Wheeler, Mark (2016) The Political History of Classical Hollywood: Moguls, Liberals and Radicals. In: Hollywood and the Great Depression: American Film, Politics and Society in the 1930s. Edinburgh University Press. ISBN 9780748699926
Hollywood’s relationship with the political elite in the Depression reflected the trends which defined the USA’s affairs in the interwar years. For the moguls mixing with the powerful indicated their acceptance by America’s elites who had scorned them as vulgar hucksters due to their Jewish and show business backgrounds.

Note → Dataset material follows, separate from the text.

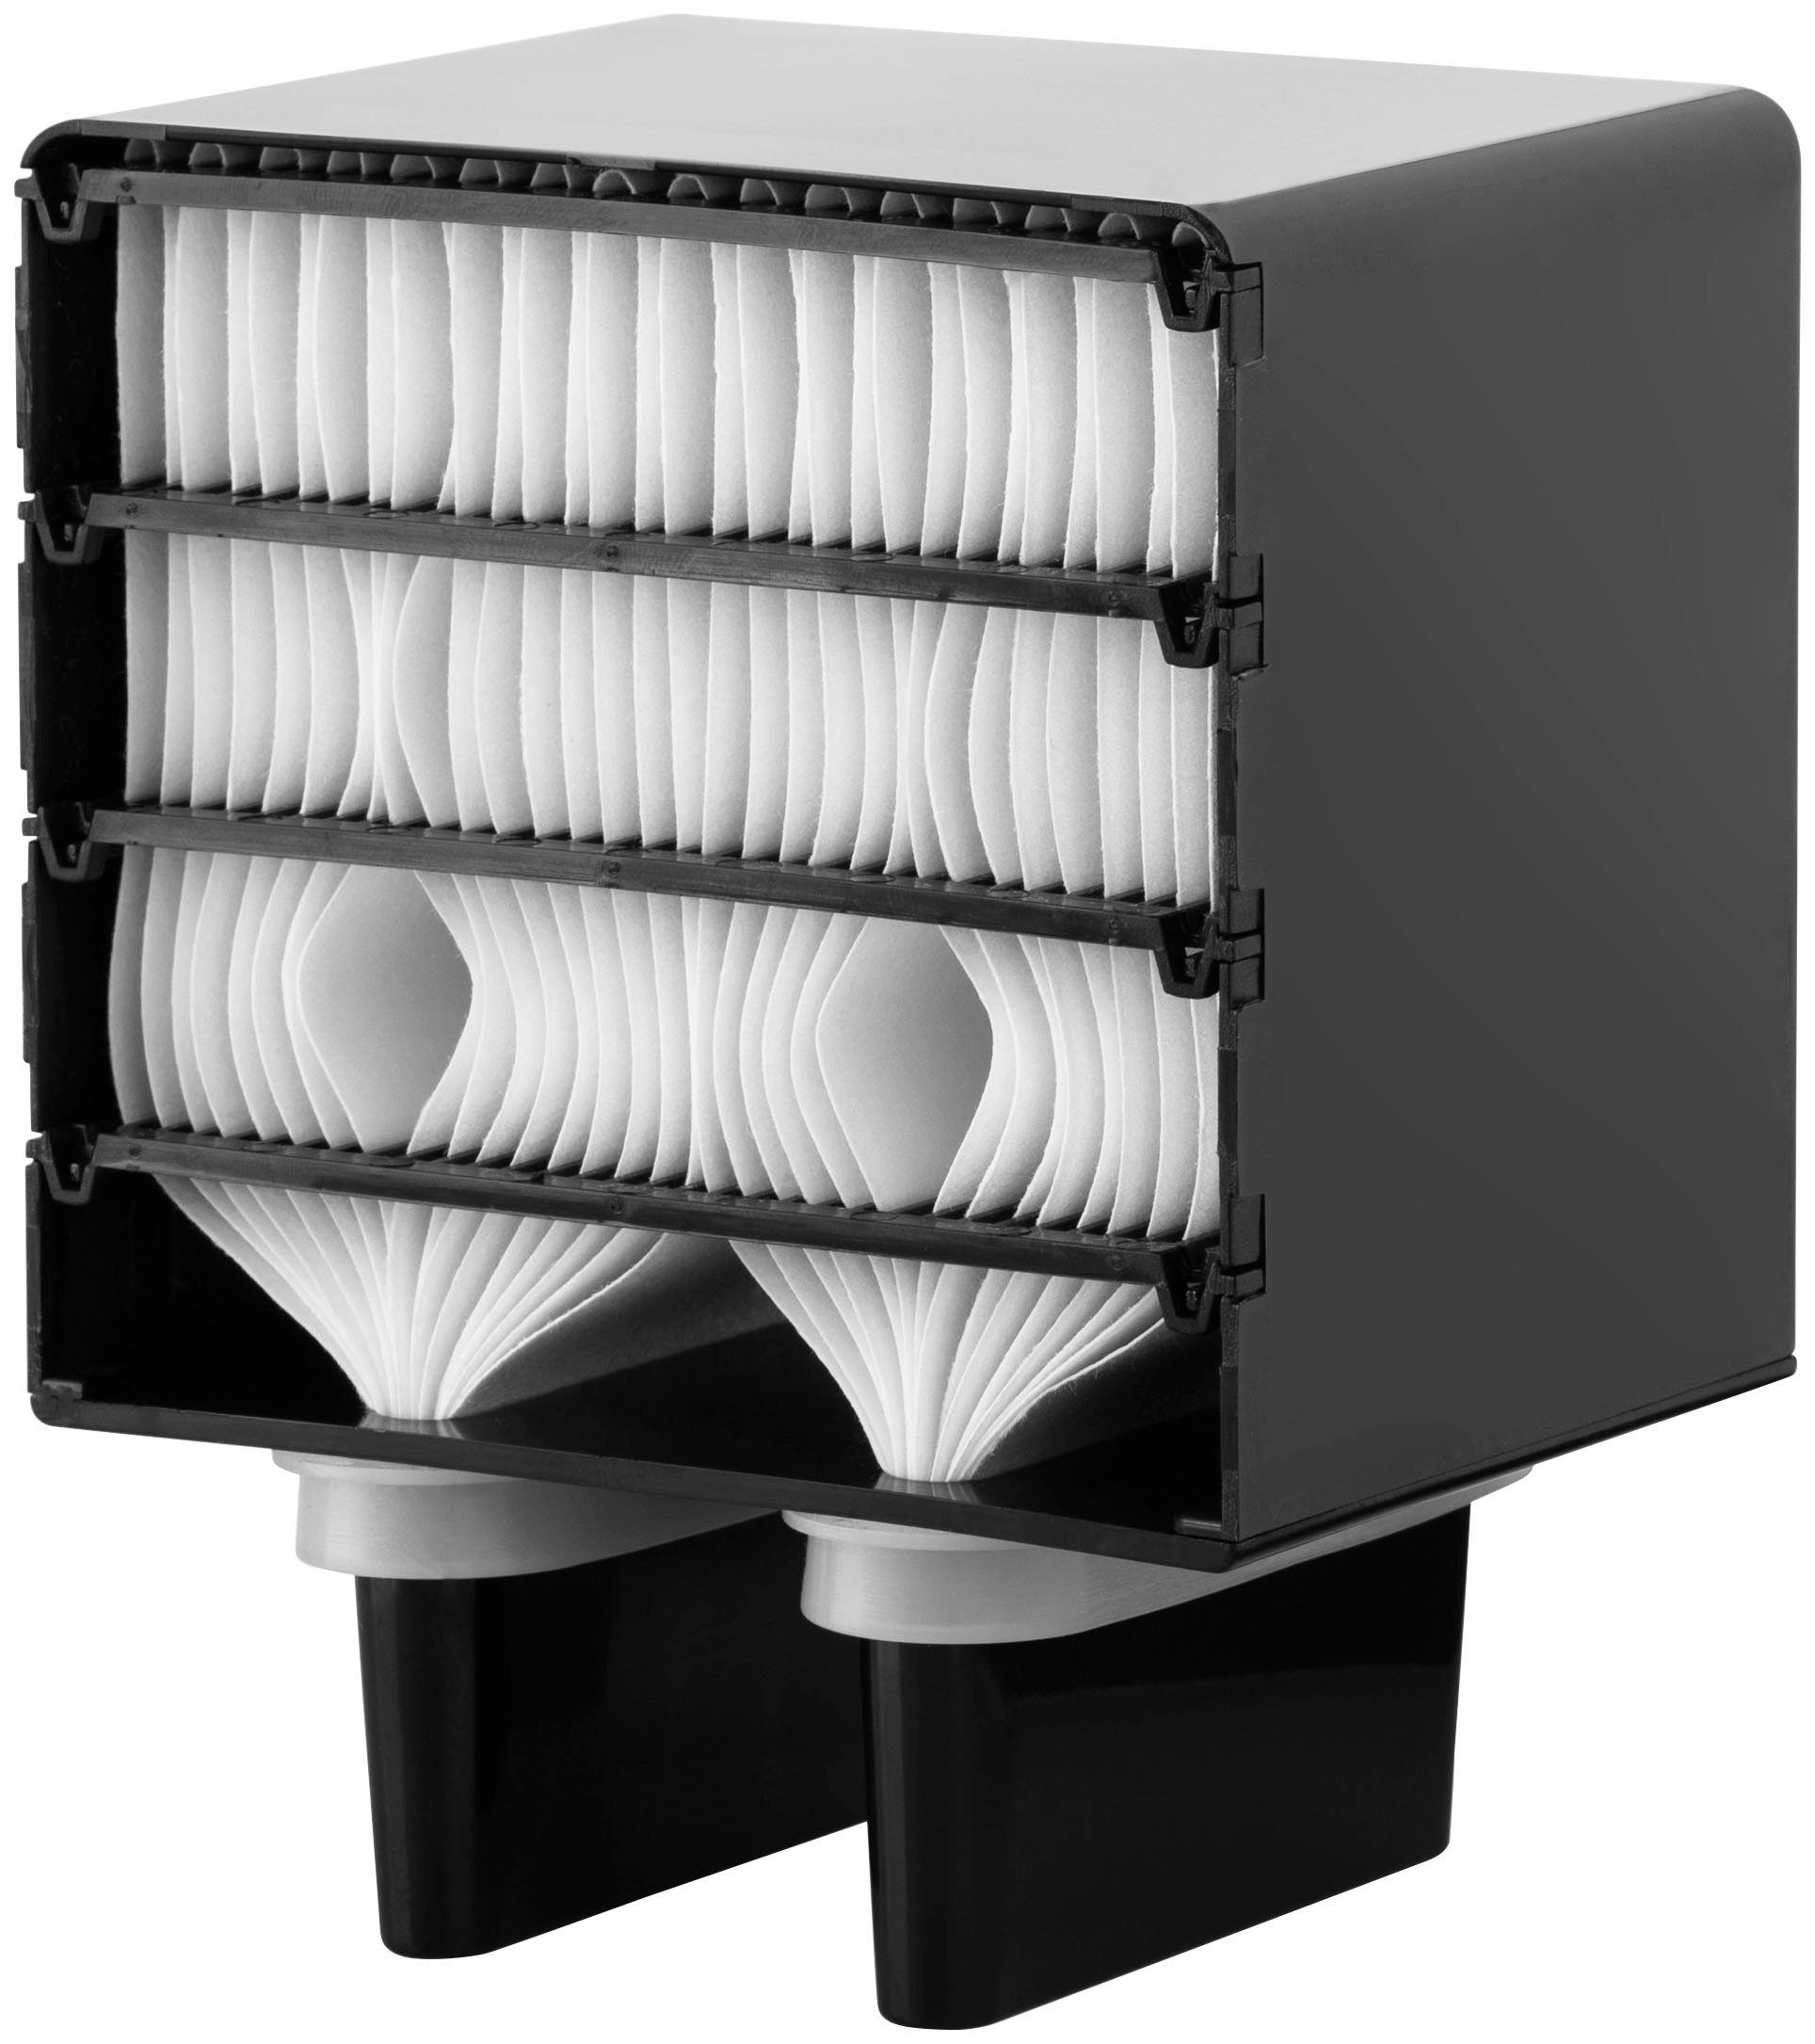 Coolio Fassungsvermögen Ventilatorkombigerät 270 ml Mini, eta Luftkühler,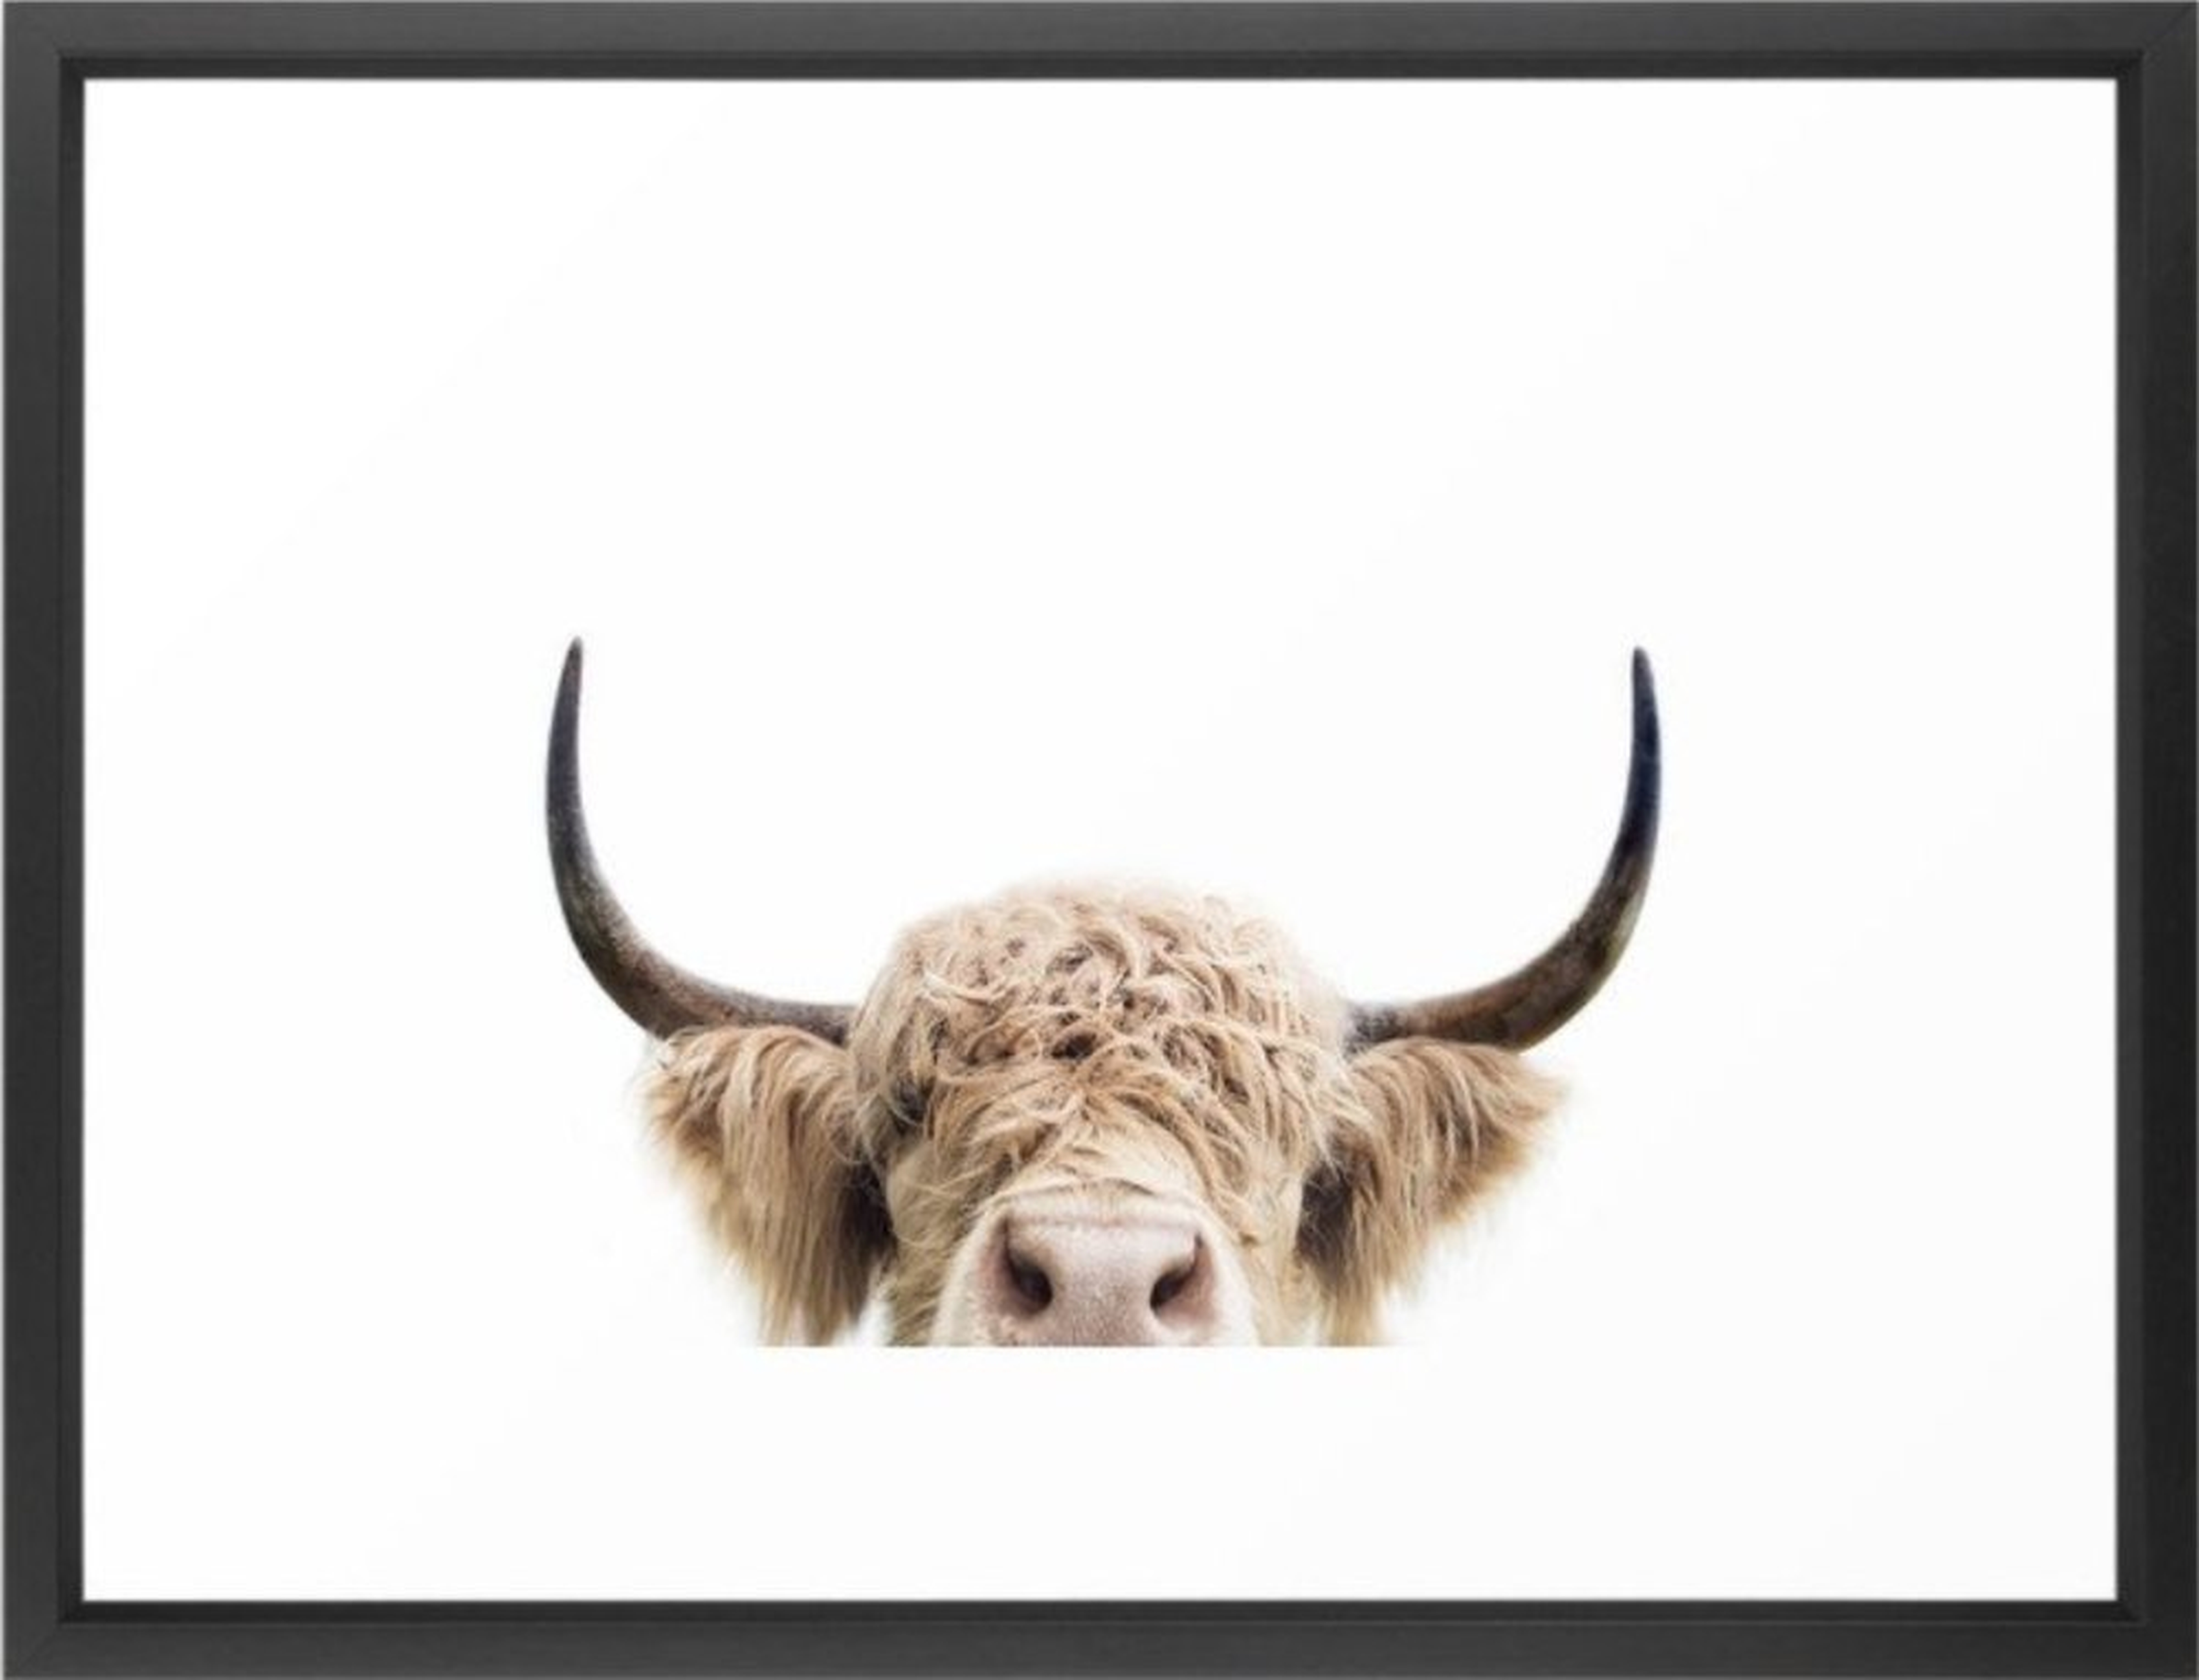 Peeking Highland Cow Framed Art Print by Sisi And Seb, 20" x 26"", Walnut frame - Society6

They could achieve social recognition by demonstrating a commitment to conservative principles and supported the Republican Party.
However, MGM’s Louis B. Mayer held deep right-wing convictions and became the vice-chairman of the Southern Californian Republican Party. He formed alliances with President Herbert Hoover and the right-wing press magnate William Randolph Hearst. Along with Hearst, Will Hays and an array of Californian business forces, ‘Louie Be’ and MGM’s Production Chief Irving Thalberg led a propaganda campaign against Upton Sinclair’s End Poverty in California (EPIC) gubernatorial election crusade in 1934. This form of ‘mogul politics’ was characterized by the instincts of its authors: hardness, shrewdness, autocracy and coercion.
In response to the mogul’s mercurial values, the Hollywood community pursued a significant degree of liberal and populist political activism, along with a growing radicalism among writers, directors and stars. For instance, James Cagney and Charlie Chaplin supported Sinclair’s EPIC campaign by attending meetings and collecting monies. Their actions reflected the economic, social and political conditions of the era, notably the collapse of US capitalism with the Great Depression, the New Deal, the establishment of trade unions, and the emigration of European political refugees due to Nazism.
Therefore, President Franklin D. Roosevelt (FDR) courted Warner Brothers to make films supporting New Deal values and appointed Jack L. Warner as the Los Angeles Chairman of the National Recovery Administration (NRA). Elsewhere, stars and writers such as Edward G. Robinson, and Dudley Nichols lent themselves to liberal, international causes. Some activists became attracted to the Hollywood Communist Party, which was a small, but potent, force in 1930s. This tide of Hollywood liberalism and radicalism was enhanced by the migration of New York based writers and stage actors who, in the wake of sound films, had resettled on the West Coast.
This chapter outlines the development of the moguls’ politics and how they courted the ‘great and good’ in American civil life. It will demonstrate how the social changes instituted by the New Deal provided the context through which the Hollywood workforce became politically conscious. Finally, it will discuss how the techniques employed by the moguls in EPIC campaign defined the political divide between left and right which emerged in Hollywood in the 1930s and would provide the context for the anti-Communist blacklist of the 1940s and 1950s.